3.7 Q-1

Question Statement

Find the area between the $x$ axis and the curve $y = x^2 + 1$ from $x = 1$ to $x = 2$ .

Background and Explanation

To solve this problem, we need to calculate the area under the curve $y = x^2 + 1$ between $x = 1$ and $x = 2$ . The concept used here is definite integration, which gives the area under a curve between two points.

Solution

We need to compute the following integral to find the area:

A = \int_{1}^{2} (x^2 + 1) , dx

This integral can be broken into two simpler integrals:

A = \int_{1}^{2} x^2 , dx + \int_{1}^{2} 1 , dx

Step 1: Evaluate the first integral

The integral of $x^2$ is:

\int x^2 , dx = \frac{x^3}{3}

Now evaluate this from $x = 1$ to $x = 2$ :

\left[ \frac{x^3}{3} \right]_{1}^{2} = \frac{(2)^3}{3} - \frac{(1)^3}{3} = \frac{8}{3} - \frac{1}{3} = \frac{7}{3}

Step 2: Evaluate the second integral

The integral of 1 is simply:

\int 1 , dx = x

Now evaluate this from $x = 1$ to $x = 2$ :

\left[ x \right]_{1}^{2} = 2 - 1 = 1

Step 3: Combine the results

Now, add the results from the two integrals:

A = \frac{7}{3} + 1 = \frac{7}{3} + \frac{3}{3} = \frac{10}{3} \text{ square units}

Thus, the area under the curve is $\frac{10}{3}$ square units.
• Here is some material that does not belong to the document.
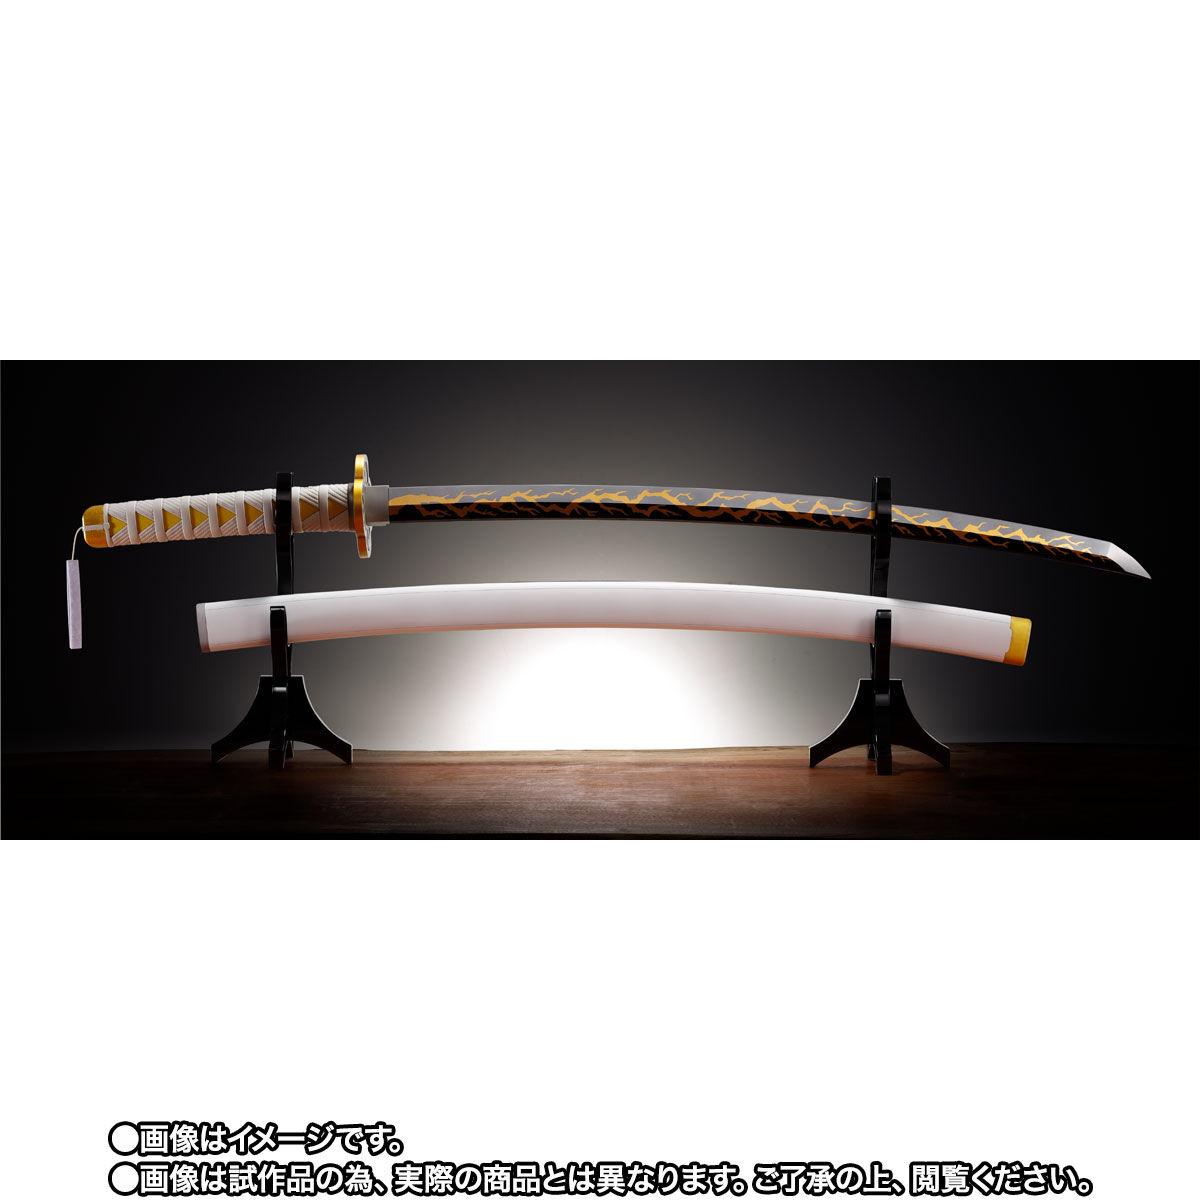 【限定販売】PROPLICA プロップリカ『日輪刀(我妻善逸)』鬼滅の刃 変身なりきり-002

Key Formulas or Methods Used

Definite Integral: The area under a curve from $x = a$ to $x = b$ is given by:

A = \int_{a}^{b} f(x) , dx

Basic Integration Rules:
- $\int x^n , dx = \frac{x^{n+1}}{n+1}$
- $\int 1 , dx = x$

Summary of Steps

Set up the integral: $A = \int_{1}^{2} (x^2 + 1) , dx$
Break the integral into two parts: $A = \int_{1}^{2} x^2 , dx + \int_{1}^{2} 1 , dx$
Evaluate the first integral: $\frac{7}{3}$
Evaluate the second integral: $1$
Add the results: $A = \frac{10}{3} \text{ square units}$